The committees representing these two banks did not contract or undertake to contract, but after their various propositions had been exchanged, modified, and discussed, the agreements were finally expressed in the contract before us, and that contract was then submitted for approval to the stockholders of the German Bank. These stockholders acted upon the report and contract alone, and their action consummated the matter. By section 883b-1, Ky. Stats., the German Bank was authorized to sell and convey its property, rights, etc., but by section 883b-3, it is provided that:

"No such sale shall be valid unless consented to by the holders of not less than three-fourths of the capital stock of the vendor corporation," etc.

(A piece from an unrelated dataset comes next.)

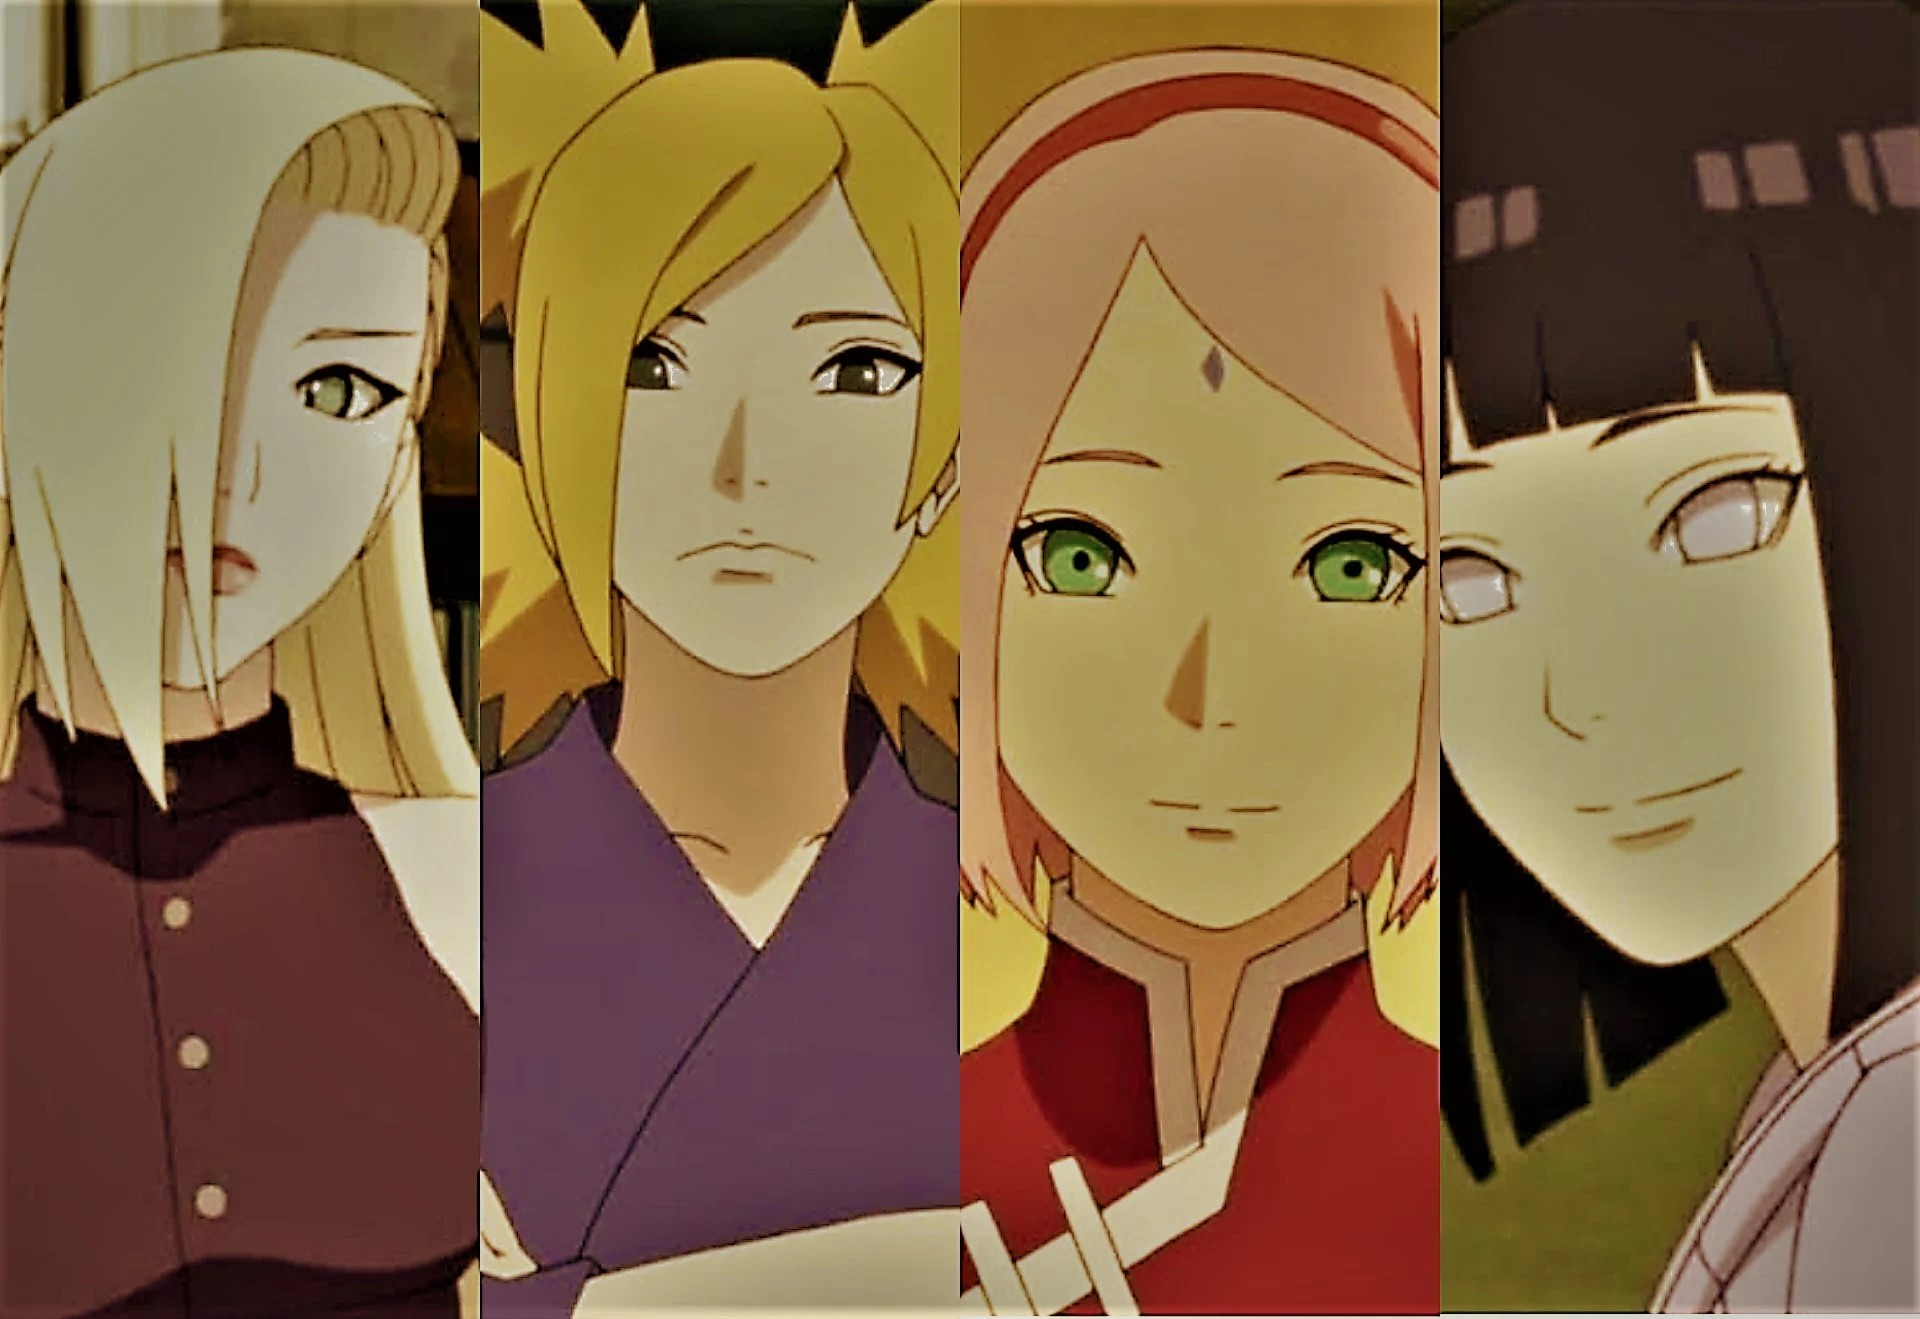 60 Most Popular Female Naruto Characters Ranked - Fantasy Topics

This contract therefore could not have been executed except by the direction of the stockholders of the German Bank. They are, by virtue of the statute, the real vendors. To permit parol evidence to be introduced to explain the meaning of these two words, "accruing taxes" might possibly result in making of this agreement a contract to which the stockholders of the German Bank never agreed, to which, perhaps, they never would have agreed, and of which they had never heard.